Years ago, he produced ‘Drop The World’ for Lil’ Wayne and Eminem, marking an incredible achievement for any music producer. Two years later he crafted the most heart-piercing beat on Drake’s sophomore album with ‘Look What You’ve Done.’ He can do a beat for West Coast pool party rapper Dom Kennedy, and then turn around and do trap for Bloody Jay. As a producer, Chase has mastered the balance that all landmark producers harness: the ability to constantly reinvent himself while still making music that sounds like his and no one else’s. You can just tell when it’s a Chase N. Cashe beat, even if it’s nothing like anything he’s done before.
But as a solo artist, he hasn’t been able to capitalize on his talent with a popular song. His Twitter following is strong and he constantly puts new music on the Soundcloud page for Crown Bearers, what looks to be his own record label, but nothing has popped. His most popular song on Spotify is included on the Fool’s Gold ‘Loosies’ compilation; his next most popular song is with A$AP Rocky, and it’s yet to break 20,000 plays.
The music is solid enough. He doesn’t rap about anything mind-blowing, though he does tend to touch on the struggle of an up-and-coming artist more than most rappers do. The majority of his raps are self-absorbed, though. A lot of the rhymes lack the inspiration and knowledge available on his Twitter, though songs like ‘iRevolutionary’ feed off his refreshing righteousness. The production on his 2013 project ‘Heir Waves’ is clean, but it might be that Chase simply isn’t cut out to be a rapper. More and more, it seems like there’s an abundance of rappers who should stick to producing. So far, Chase’s beats have gotten him farther than any of his raps have.
Vinny Cha$e is a little harder to figure out. His name is probably his best asset right now, thanks to the ever-enduring cultural cachet of ‘Entourage.’ Last year’s ‘King’s Landing’ project, however, doesn’t match the star power the name holds. He sounds like fellow Harlemite A$AP Rocky on ‘Chill 2 This’ and he can’t even be distinguished on the first three songs, as he’s flanked by Ma$e, Kid Art, and Cartier Court.

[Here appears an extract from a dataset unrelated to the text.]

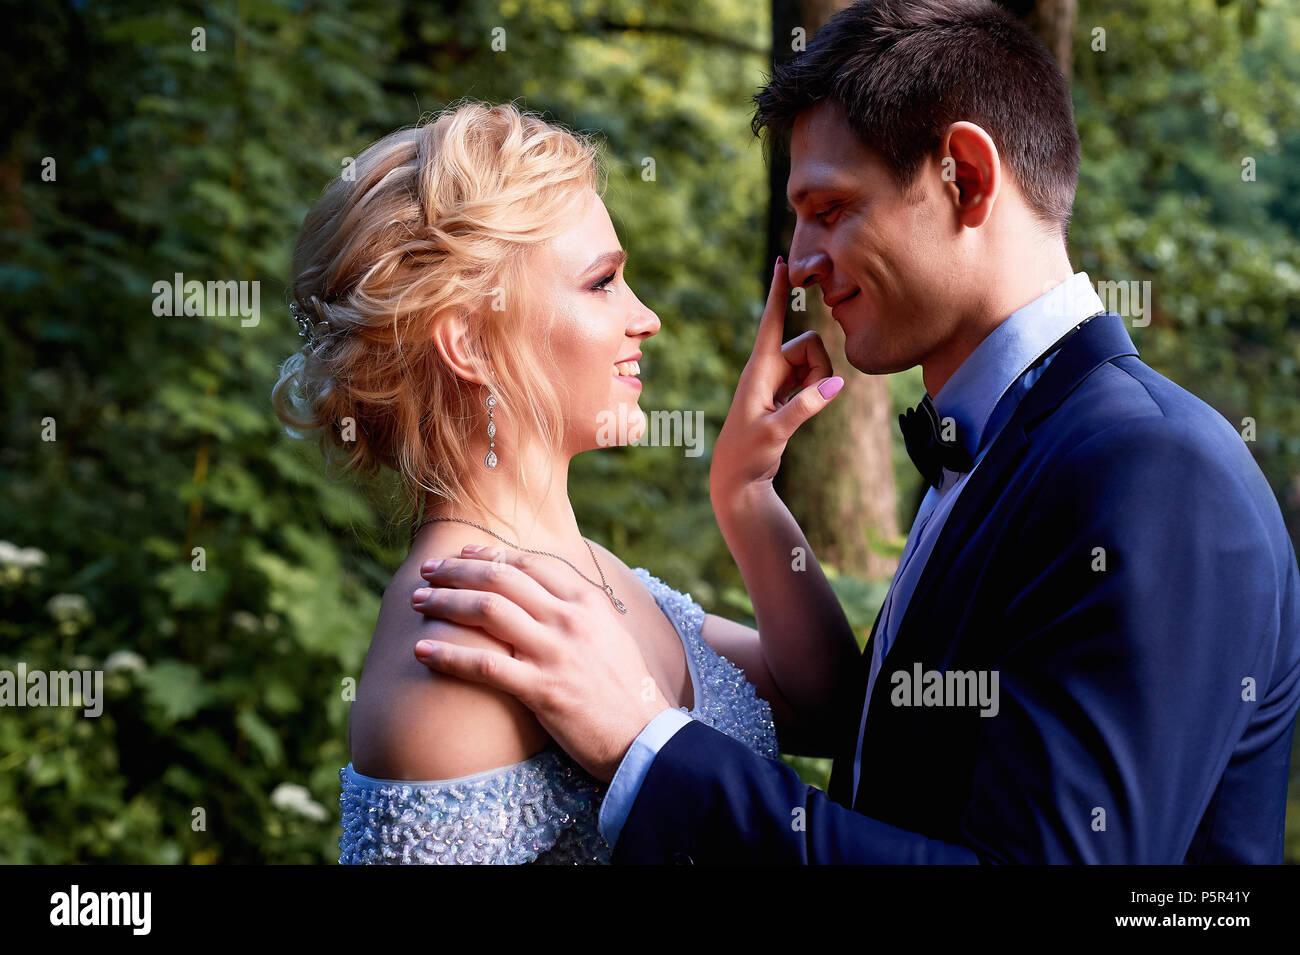 Die Braut sieht bei der Bräutigam im Scherz. Und mit einem Finger auf die Spitze seiner Nase berührte. Hochzeit gehen und Fotoshooting Stockbild

Most of ‘King’s Landing’ actually sounds like a guy trying to find his own sound. Does he want Young Chop beats with features by Waka Flocka and Yo Gotti? Maybe the mellow sound of songs like ‘Grippin’ and ‘Nothin’ Changed’? It isn’t a bad thing that his project holds so many different sounds, but it leaves the impression that Vinny Cha$e doesn’t know what kind of artist he wants to be yet.
That’s the downfall of every “swag rapper,” though. Capitalize on the sound of today and you’re forgotten tomorrow. Something in your music needs to be timeless, transcendent. Vinny Cha$e’s music doesn’t have those qualities yet.
Chase N. Cashe has proved that he can make classic records, at least behind the boards. Now he has to figure out what made those records so good and apply that extra something to his own music. Otherwise, he’ll always be a producer who gives hot records to other artists. That’s not a bad spot to be in, by the way.
Vinny Cha$e is another iteration of artists who don’t know who they are in a city full of artists who want to sound like they’re from somewhere else. As of this writing, he’s yet to have a solo song on Youtube crack 350,000 views, and he’s nowhere to be found on Spotify. He’ll have to craft his own lane if he wants to be as big as the A$AP Mob. Maybe he’s sitting on the best music of his life, but judging from what we’ve got, it doesn’t look like his ceiling is too high. You can keep your eyes on Vinny, but keep your ears on Chase N. Cashe.